Work to complete:
Would you please repeat exactly the entries below, starting at the line with "950W 2 Slice Toaster" and ending at the line with "Relm RPU416 1-Wire Surveillance Kit", and nothing outside that range? Leave out the pictures.

Data:
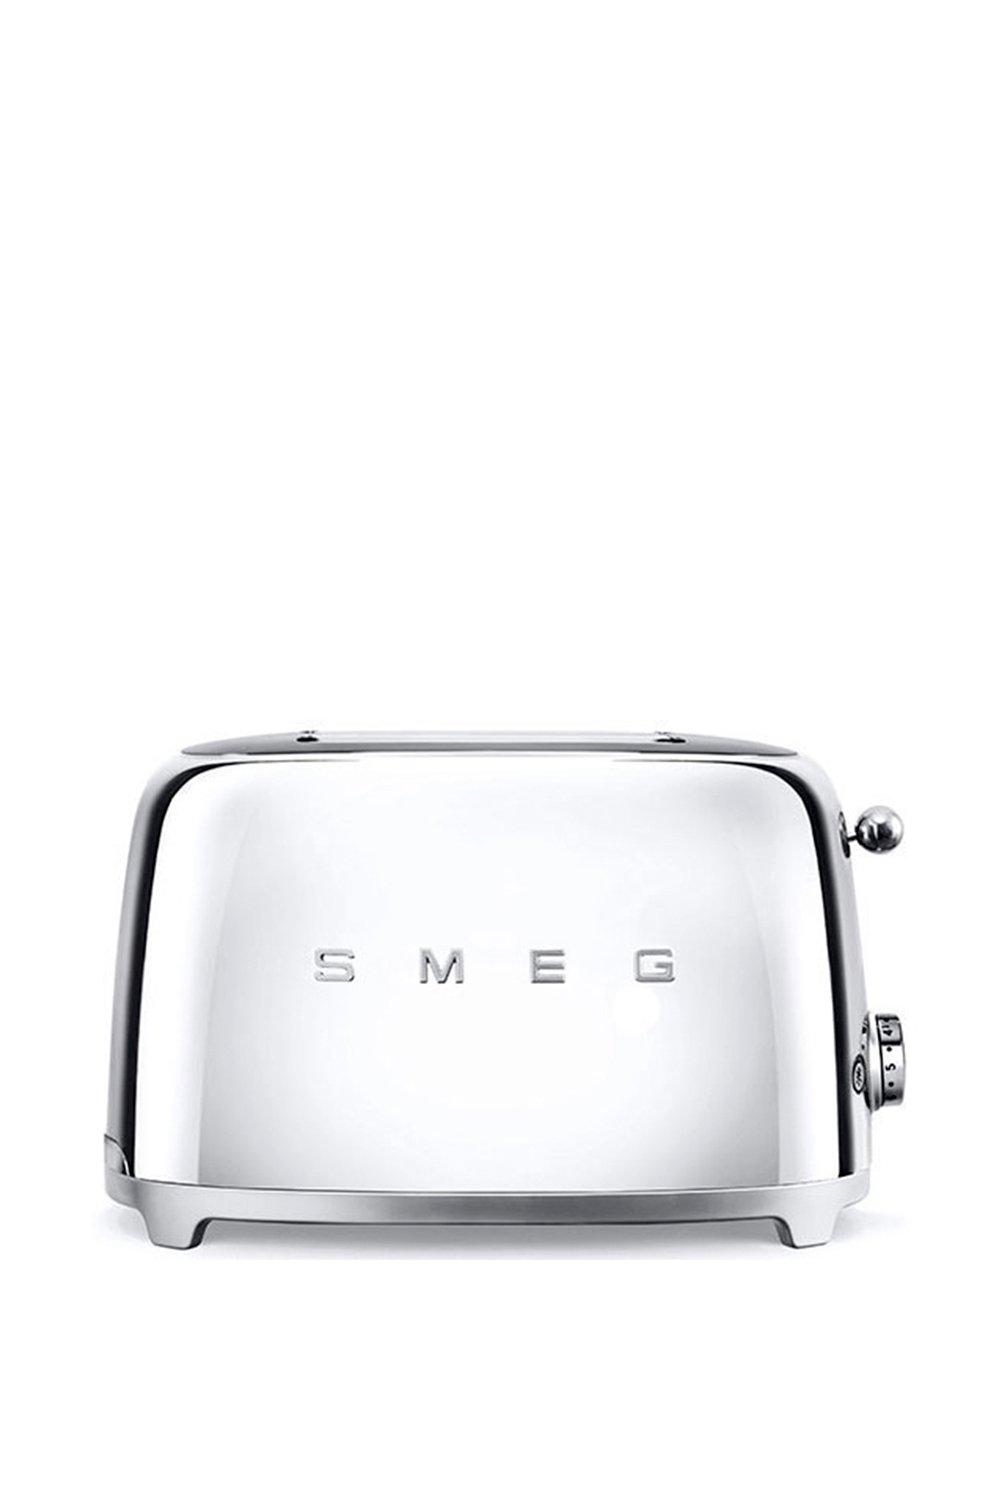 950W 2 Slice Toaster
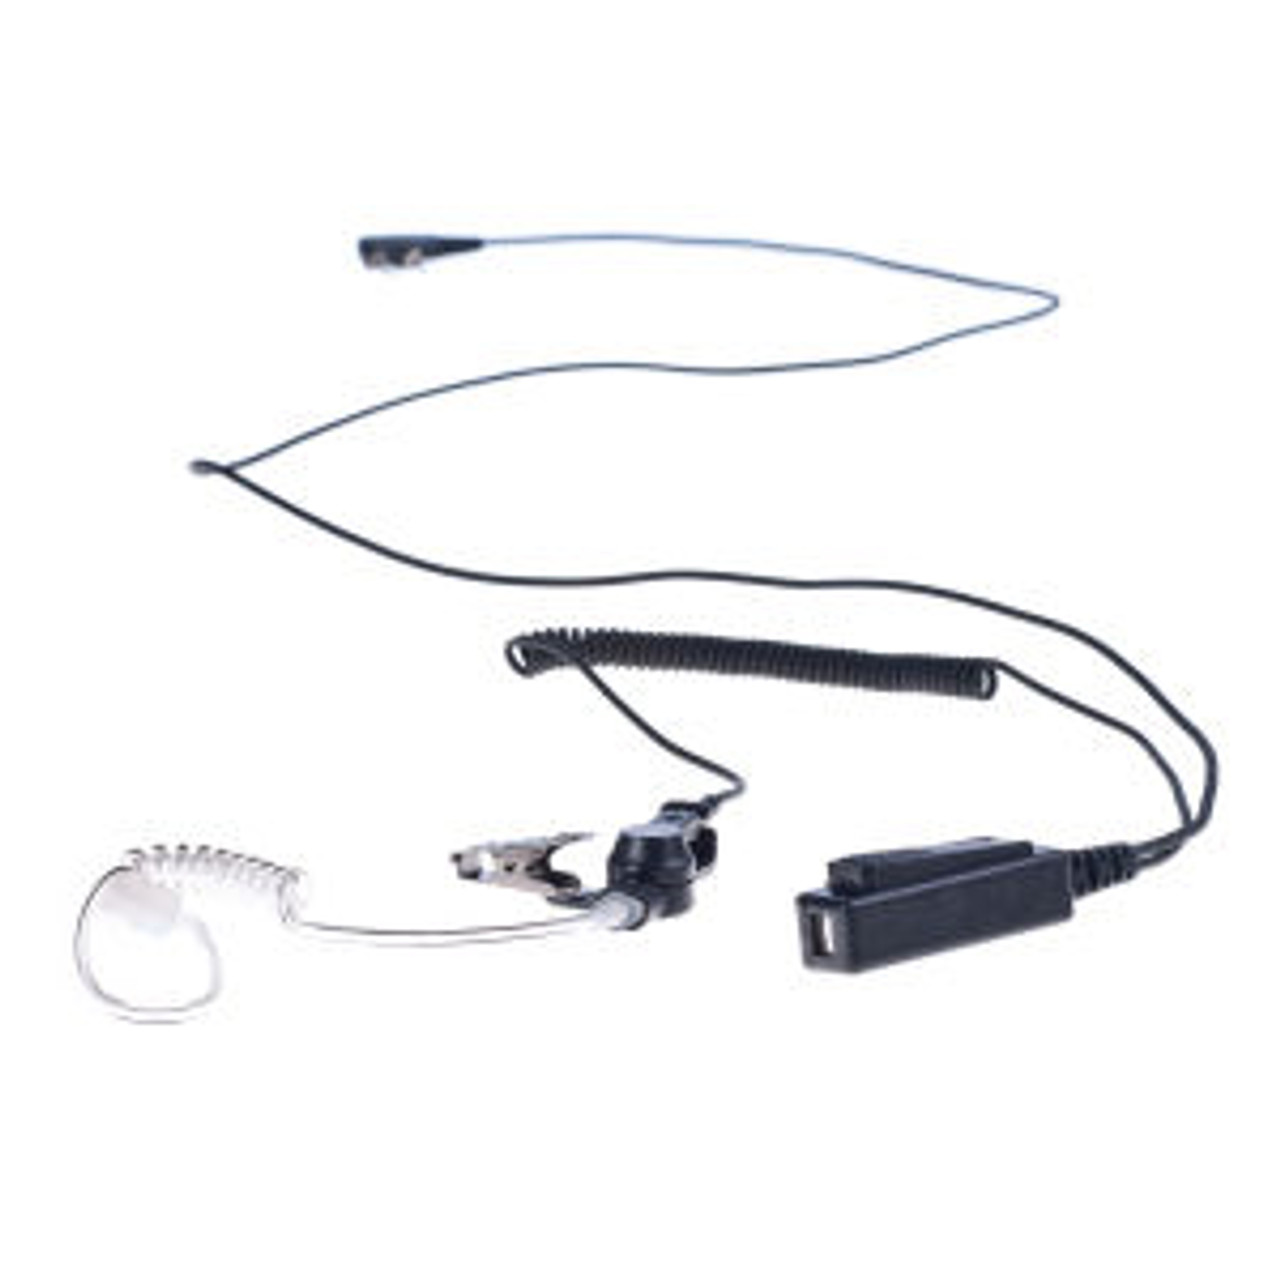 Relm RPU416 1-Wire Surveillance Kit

...

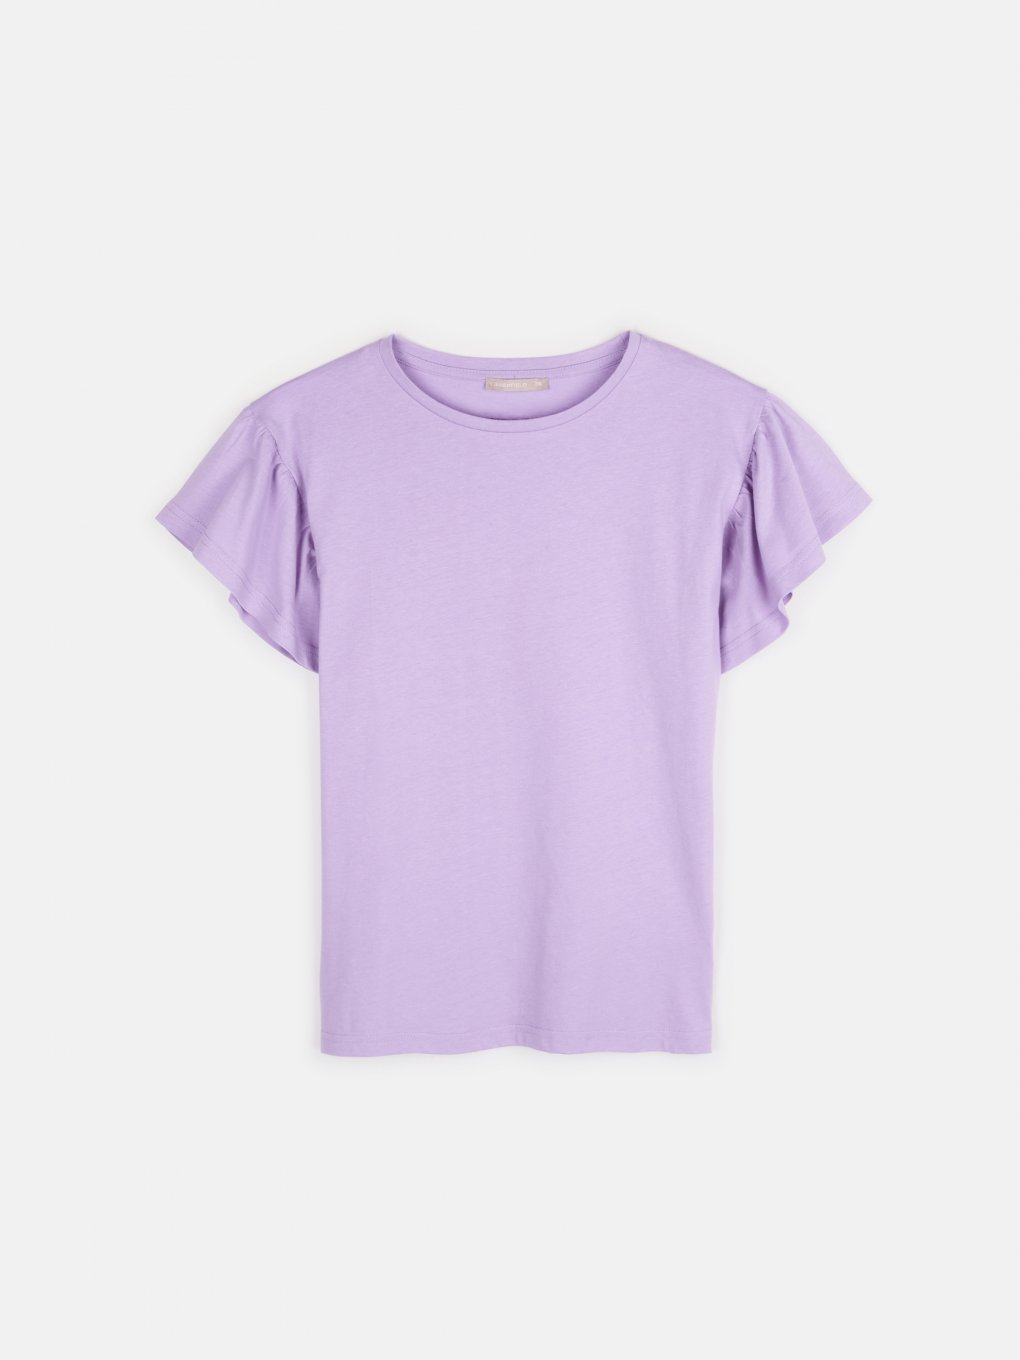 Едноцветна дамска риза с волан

Worked solution:
 950W 2 Slice Toaster
 Relm RPU416 1-Wire Surveillance Kit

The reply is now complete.